Lowestoft resident Thomas Crinch, chair of the campaign group Residents AGainst Everything (RAGE) spoke to the SUFFOLK GAZETTE about his member’s concerns (snigger). “Well, it just isn’t on is it? I didn’t fight in the war just so young people can go around chewing on Honey Cups, licking Booty O’s, and enjoying some Deep Sea Crunch before 9.00 am. It’s utterly disgusting and up with it the members of RAGE will not put.

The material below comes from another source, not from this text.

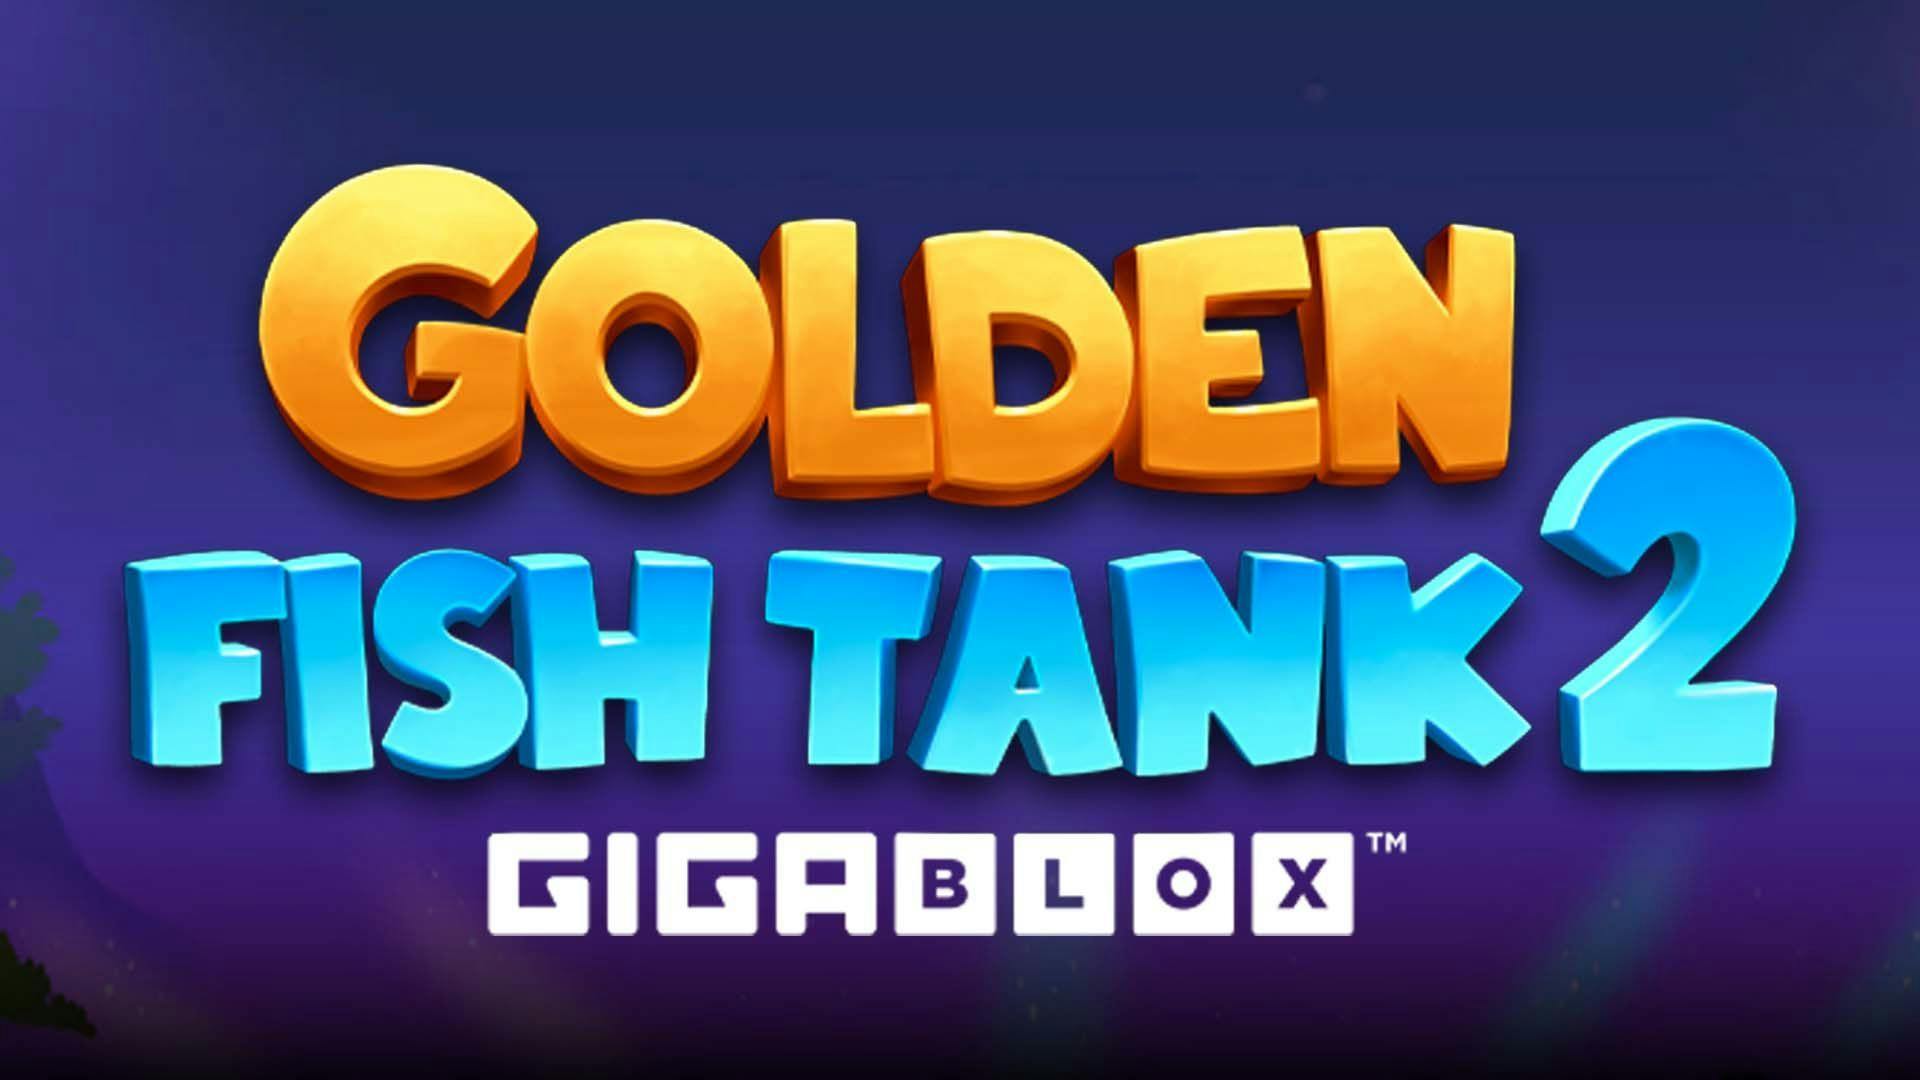 Golden Fish Tank 2 Gigablox Slot Online Free Game Play

That is why we are here today, protesting at this FILTH!”

Other cereal brands that have caused offense to the mainly, older, conservative residents of Lowestoft include; Fingos (snigger), Cream of Wheat (fnarr fnarr), Blueberry Muffin Toasters (giggle), and Double Dip Crunch (double snigger).

Manager of the branch, Dafydd Cowell, defended his decision to introduce the adult breakfast range “Oh, come on! What’s the ham ennet? It’s only a bet of fun ennet?” (Cowell is Welsh.) “Look, everyone I know likes a little rumpy-pumpy en the morning donthey? It’s a luvvly way to start the day, isn’t et? So what’s the ham in having a Home Run Crunch (snigger), firs thing en the morning? No ham at all! Each to their own, I say!”

Mature Breakfast

co-op breakfast cereals
Grano love

Asked if he sympathized with the older residents’ views on morning sex, Cowell replied “Of course I do, that’s why we put in a special cereal just for the olders. It’s called Granolove. Honest!”